The remarkable potential of recent forms of life for reliably passing on genetic information through many generations now depends on the coordinated action of thousands of specialized biochemical "machines" (enzymes) that were obviously absent in prebiotic times. Thus the question how a complicated system like the living cell could have assembled on Earth seems puzzling. In seeking for a scientific explanation one has to search for step-by-step evolutionary changes from prebiotic chemistry to the emergence of the first proto-cell.

Results

We try to sketch a plausible scenario for the first steps of prebiotic evolution by exploring the ecological feasibility of a mineral surface-bound replicator system that facilitates a primitive metabolism. Metabolism is a hypothetical network of simple chemical reactions producing monomers for the template-copying of RNA-like replicators, which in turn catalyse metabolic reactions.
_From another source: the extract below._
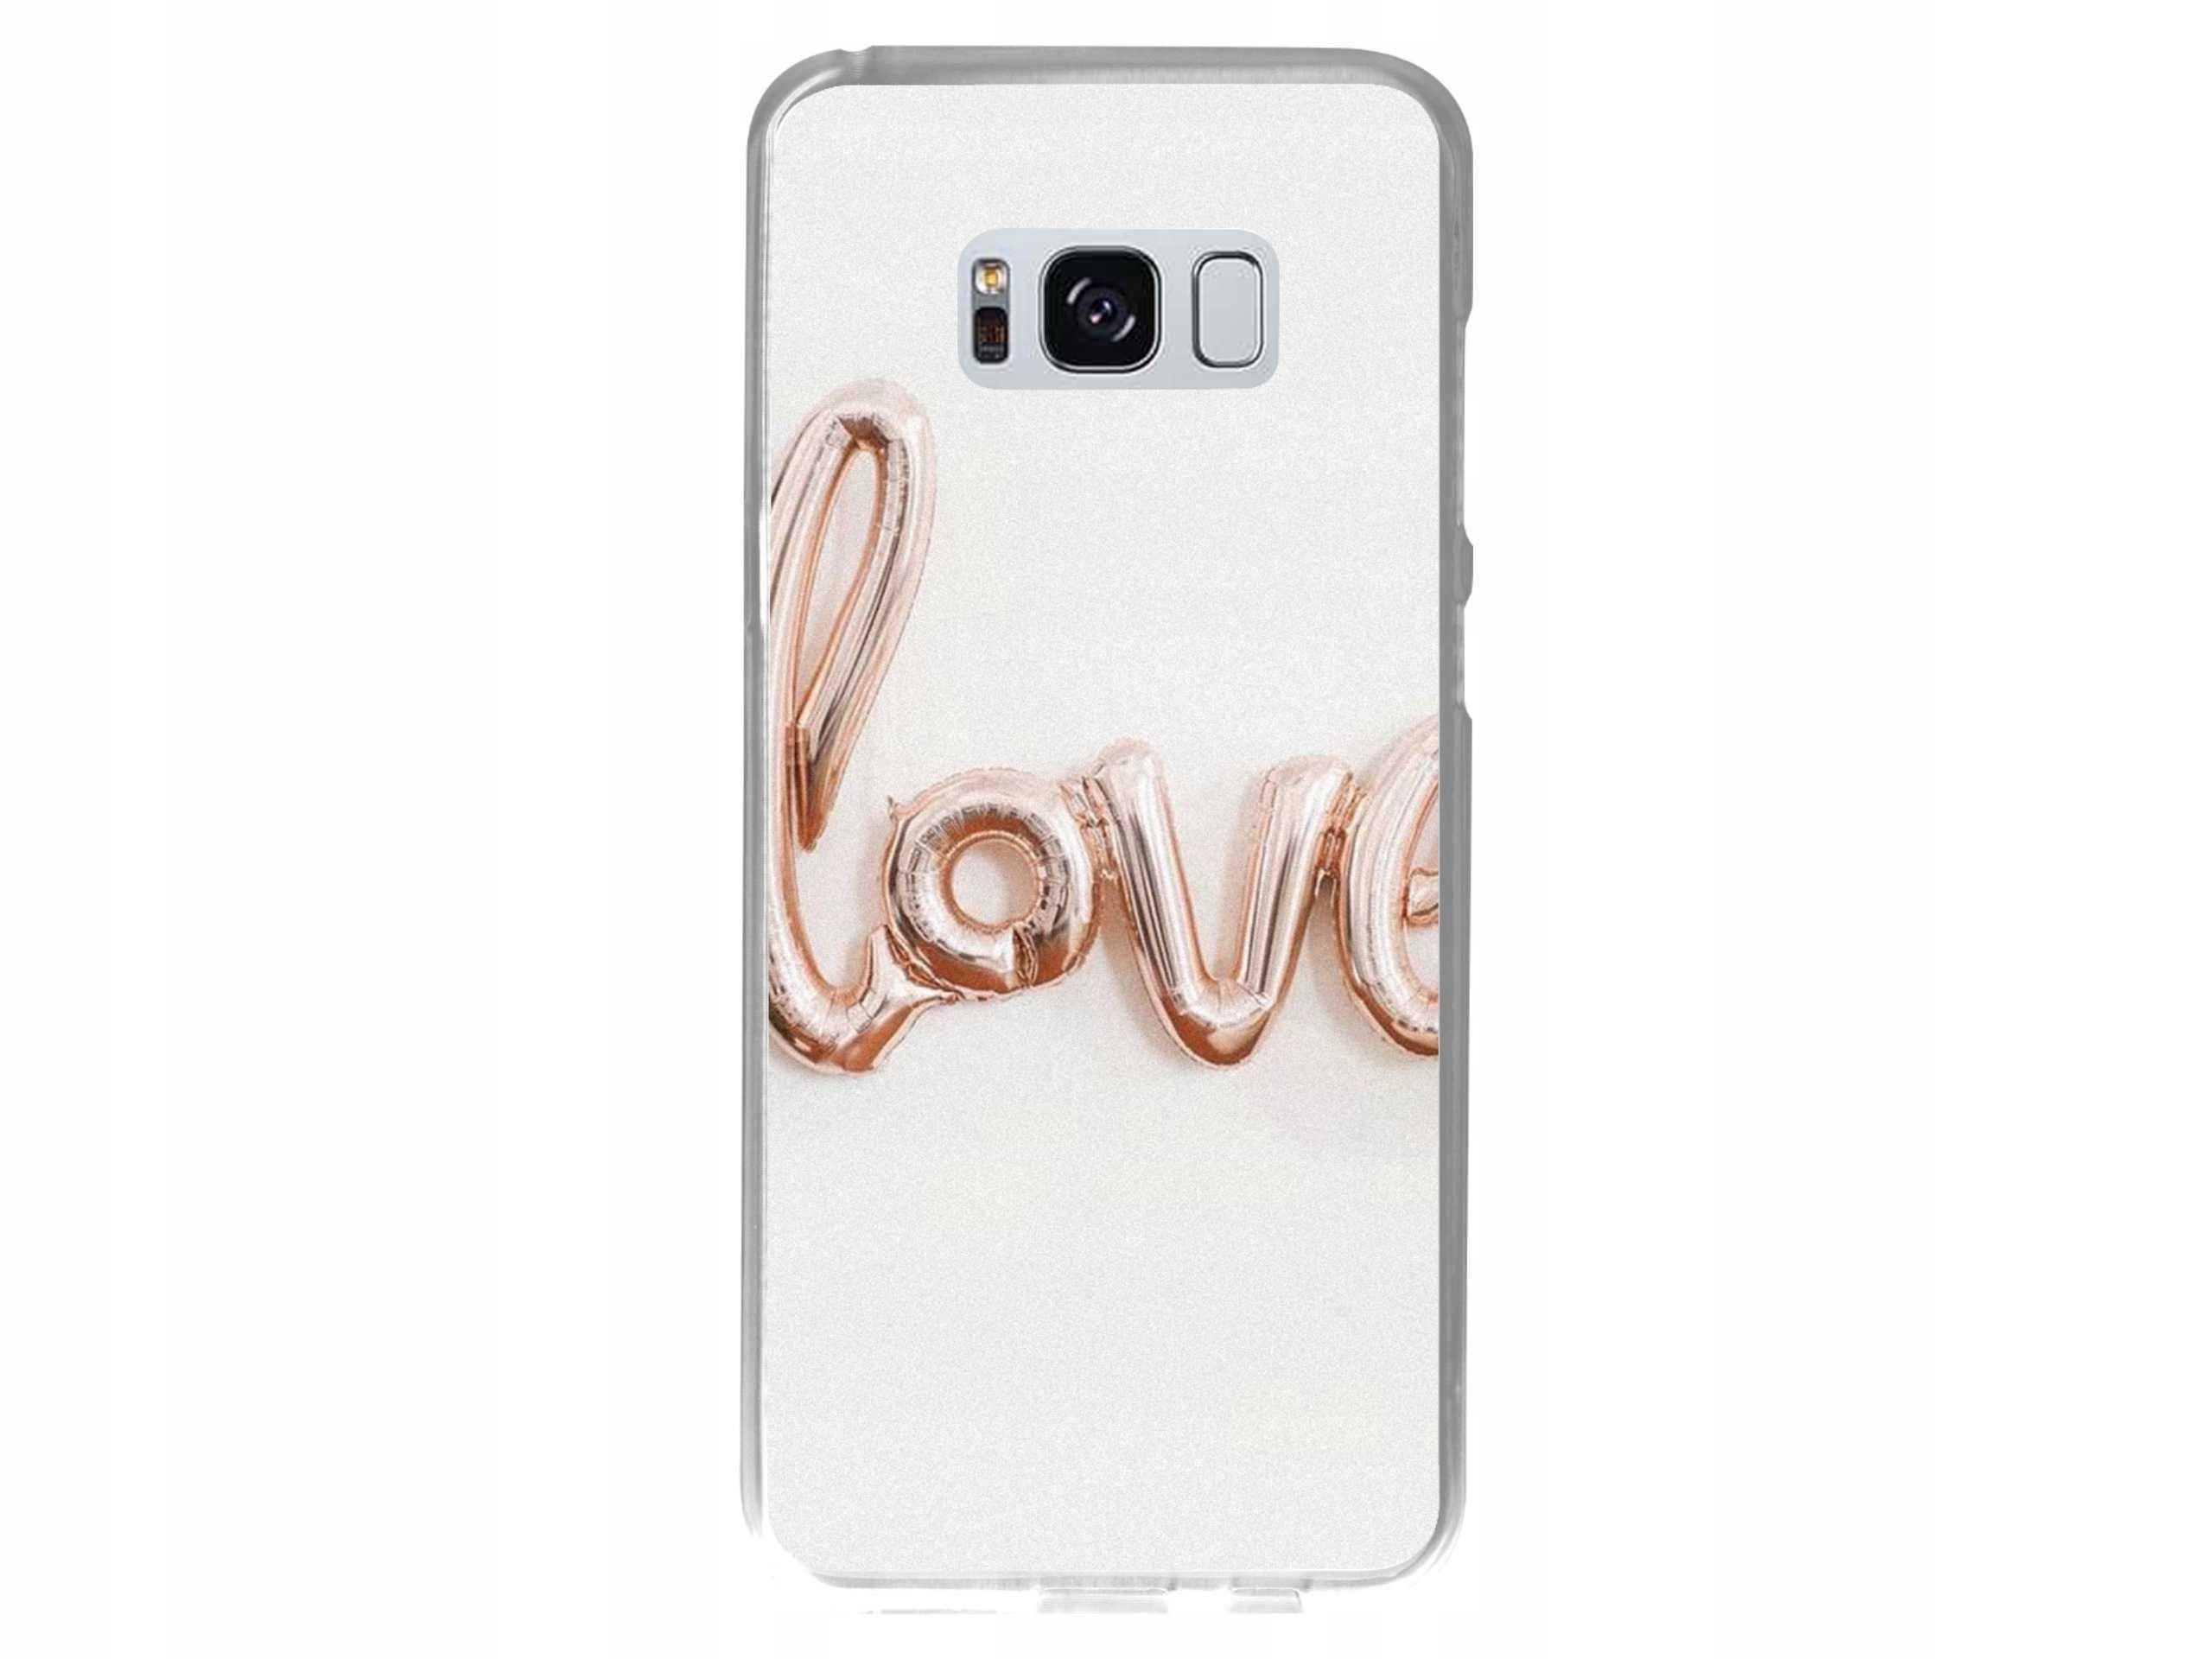 Samsung Galaxy S8 Plus Etui CASE na telefon

Using stochastic cellular automata (SCA) simulations we show that the surface-bound metabolic replicator system is viable despite internal competition among the genes and that it also maintains a set of mild "parasitic" sequences which occasionally evolve functions such as that of a replicase.

Conclusion

Replicase activity is shown to increase even at the expense of slowing down the replication of the evolving ribozyme itself, due to indirect mutualistic benefits in a diffuse form of group selection among neighbouring replicators. We suggest possible paths for further evolutionary changes in the metabolic replicator system leading to increased metabolic efficiency, improved replicase functionality, and membrane production.